SELLAS Shares Surge as GPS Immunotherapy Shows Encouraging Survival Extension in AML Study

SELLAS Life Sciences Group Inc. (SLS) shares closed trading yesterday at $3.35, reflecting a robust 16.72% gain following the company’s disclosure of positive trial momentum. The stock has fluctuated within the range of $0.85 to $3.43 over the past twelve months, underscoring investor interest in the biotech firm’s pipeline advancement.

The strength comes as SELLAS revealed that its Phase 3 REGAL trial evaluating Galinpepimut-S (GPS) as a maintenance therapy is progressing more favorably than initially projected. As of December 26, 2025, the trial has registered 72 clinical events out of the 80 deaths required to unlock the final overall survival analysis in patients with acute myeloid leukemia (AML). This delay in reaching the endpoint threshold suggests that treated patients are experiencing extended survival durations compared to historical expectations.

The REGAL Trial: Addressing a Critical Clinical Gap

The REGAL investigation focuses on AML patients who have achieved a second complete remission (CR2) but are ineligible for transplantation—a particularly challenging population historically managed with hypomethylating agents and BCL-2 inhibitors. In this setting, median overall survival typically spans approximately eight months, highlighting the substantial therapeutic void that GPS aims to fill.

GPS, a WT1-targeting immunotherapeutic licensed from Memorial Sloan Kettering Cancer Center, represents a novel approach to extending survival in this difficult-to-treat cohort. The mechanism targets Wilms tumor antigen 1, leveraging immunological pathways to combat disease progression. Remarkably, SELLAS remains completely blinded to all efficacy and survival data, maintaining the integrity of the ongoing analysis.

Regulatory and Monitoring Developments

The Independent Data Monitoring Committee (DMC) previously advised in August 2025 that the trial should proceed unmodified, signaling confidence in the study design and execution. The extended survival observed may positively influence the probability of demonstrating a clinically meaningful benefit, as emphasized by key opinion leaders during SELLAS’s recent research and development event.

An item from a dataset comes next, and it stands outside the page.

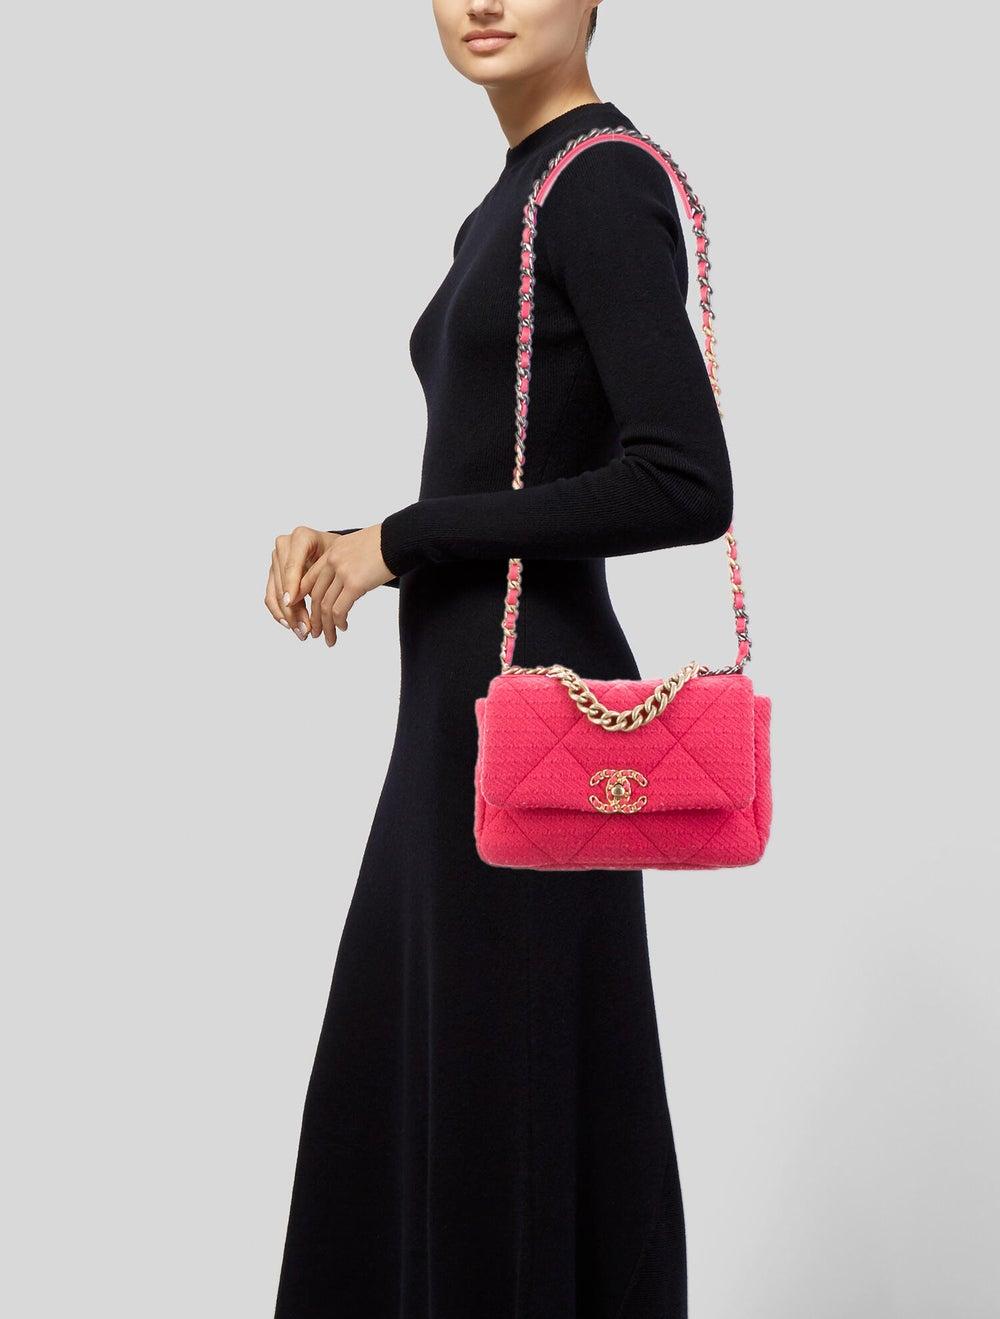 Chanel 2020 Medium Tweed 19 Bag Pink - image 2

No interim efficacy assessments have been performed to date, and no statistical penalties have accumulated. The company will announce the occurrence of the 80th event, at which point the study will be unblinded and comprehensive final analyses will commence.

Expanding Portfolio Beyond GPS

In parallel, SELLAS is progressing SLS009 (tambiciclib), a highly selective CDK9 inhibitor currently in Phase 2a testing for relapsed or refractory AML in patients who have previously failed or become refractory to venetoclax-based regimens. This candidate follows successful completion of a Phase 1 study in hematologic malignancies and is complemented by an ongoing monotherapy investigation in relapsed or refractory peripheral T-cell lymphoma, broadening the therapeutic potential across multiple hematologic cancers.